Welcome to the PureBean Blog. Stay updated with our latest news & information.
February 22, 2012
A Rich (and Selective) History of Coffee
– In Ethopia in around 300CE a goat herder named Kaldi is said to have discovered coffee after seeing the energising effect on his herd of goats who had been chewing on the coffee cherries. Others dispute this as myth claiming that coffee was first cultivated in Yemen in around 575CE.
– The name coffee comes from the Kaffe region in Ethopia where coffee grew wildly.
– In the 1st Century, the Galla tribe of Ethiopia ate balls of crushed raw coffee beans mixed with fruit and animal fat for a quick pick-me-up.
– It is believed that coffee began being enjoyed as a beverage in the 10th century.
– In the 15th century, according to Turkish law, a woman who did not get her daily quota of coffee from her husband had grounds for divorce.
– In the early 1500s conservative Muslim clerics argued that coffee was as much as an intoxicant as wine and was therefore prohibited by the Koran. The governor of Mecca, Khair Bay observed that coffee houses had become places at which people gathered for chess, dancing, debate, and music. He believed that coffee encouraged sedition and agreed with the clerics to ban it in 1511. Not long thereafter, the Sultan of Cairo overruled this prohibition declaring coffee to be sacred and later ordered the governor be executed.
– Venetian traders introduced coffee to Italy in around 1615.
– Pope Clement VIII (1535-605) baptised coffee to make it a Christian drink in order to avoid having to ban it as a drink of Satan.
– Coffee was called Arabian Wine by Europeans in the 17th Century, apparently because the Arabians made wine from the fermented coffee berries.
– In the 1700’s, tea and coffee began to replace beer in Europe as the standard breakfast beverage.
– In 1777 Frederick the Great of Prussia wrote: “It is disgusting to notice the increase in the quantity of coffee used by my subjects, and the amount of money that goes out of the country as a consequence. Everybody is using coffee; this must be prevented. His Majesty was brought up on beer, and so were both his ancestors and officers. Many battles have been fought and won by soldiers nourished on beer, and the King does not believe that coffee-drinking soldiers can be relied upon to endure hardships in case of another war.”
– US Civil War soldiers in the 1860’s used guns designed to hold coffee grinders in their buttstocks.
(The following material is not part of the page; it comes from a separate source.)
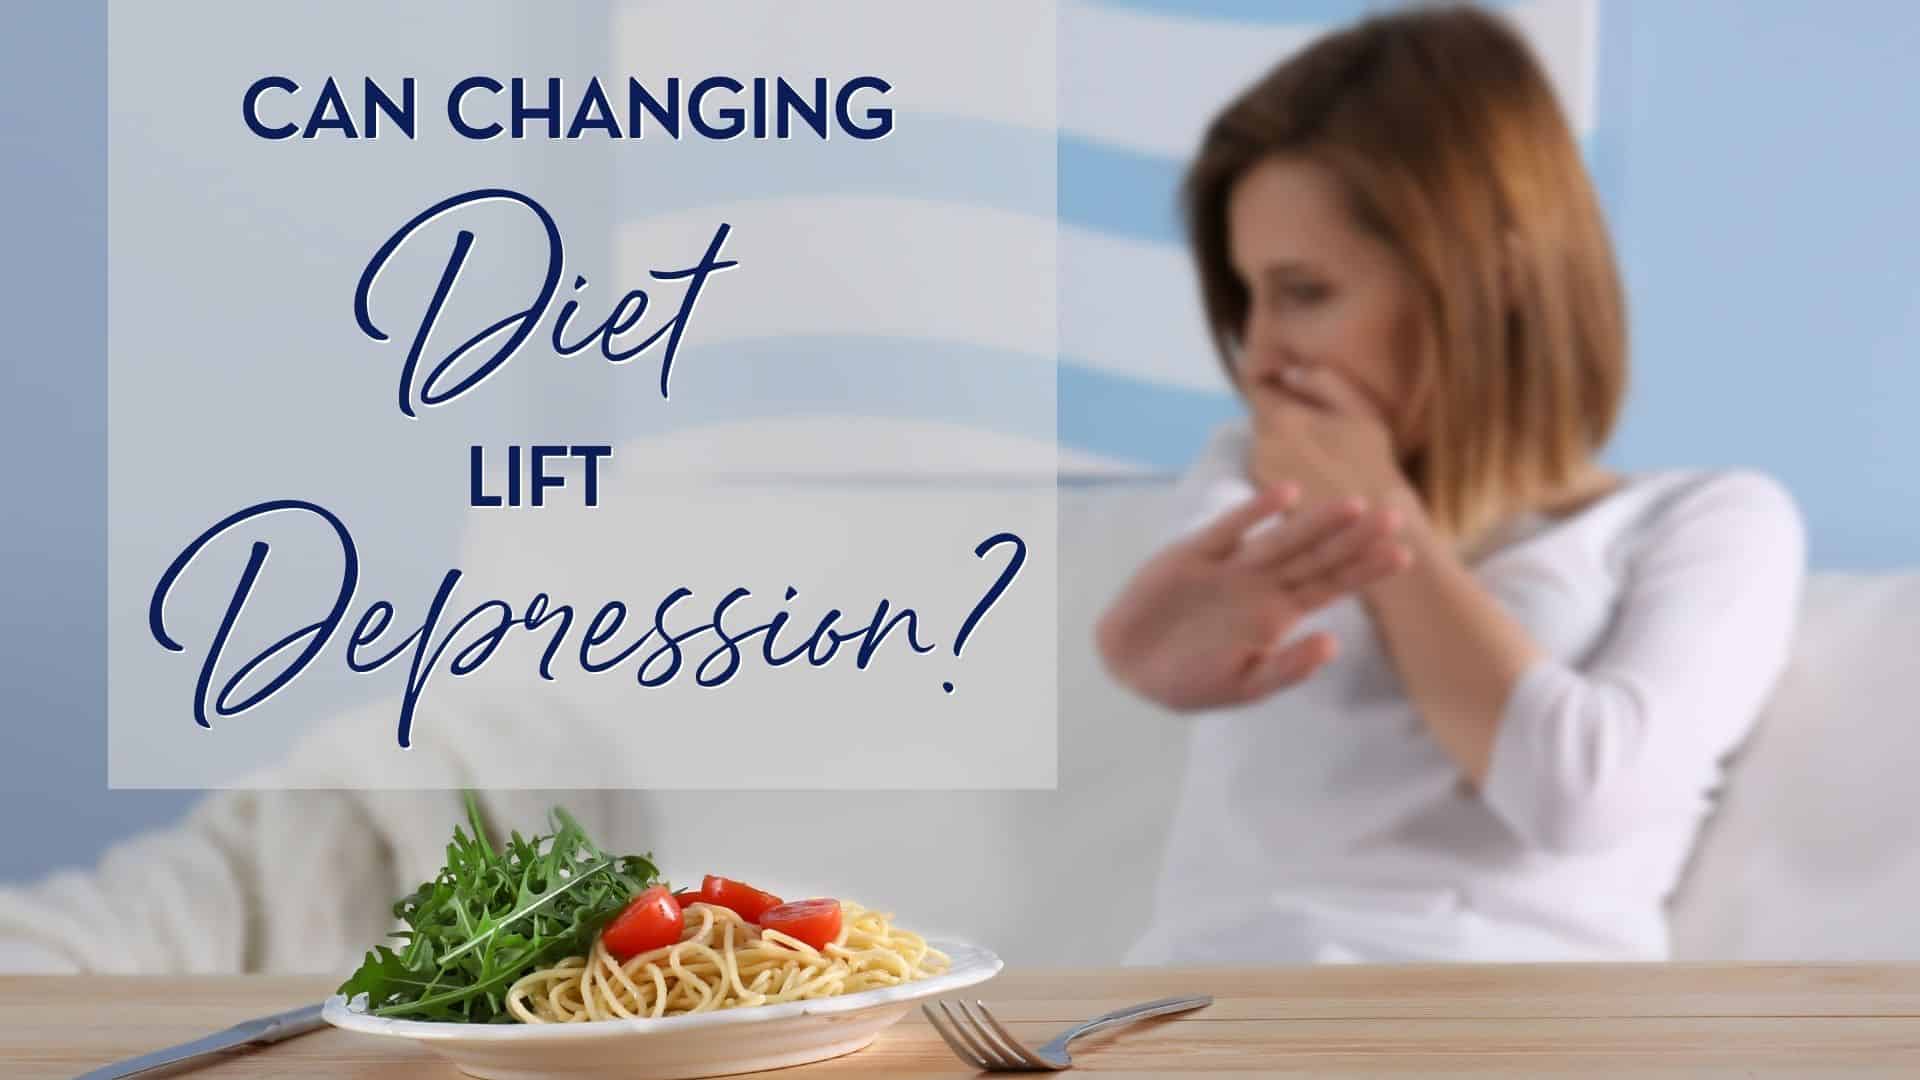 Can Changing Diet Lift Depression?

– The first machine for making espresso was built and patented by Angelo Moriondo Italy in 1884. His invention was described as “new steam machinery for the economic and instantaneous confection of coffee beverage”.
– The modern espresso machine was invented in 1937 by Italian, Achille Gaggia.
– Coffee has been grown in Australia since 1832, originally at Kangaroo Point in Brisbane.
– Australia’s vibrant coffee culture was born out of the early Greek and Italian immigrants who established cafes in Sydney and Melbourne. In 1952 the first espresso coffee machine was imported into Australia by the Andronicus brothers. And the rest, they say, is history!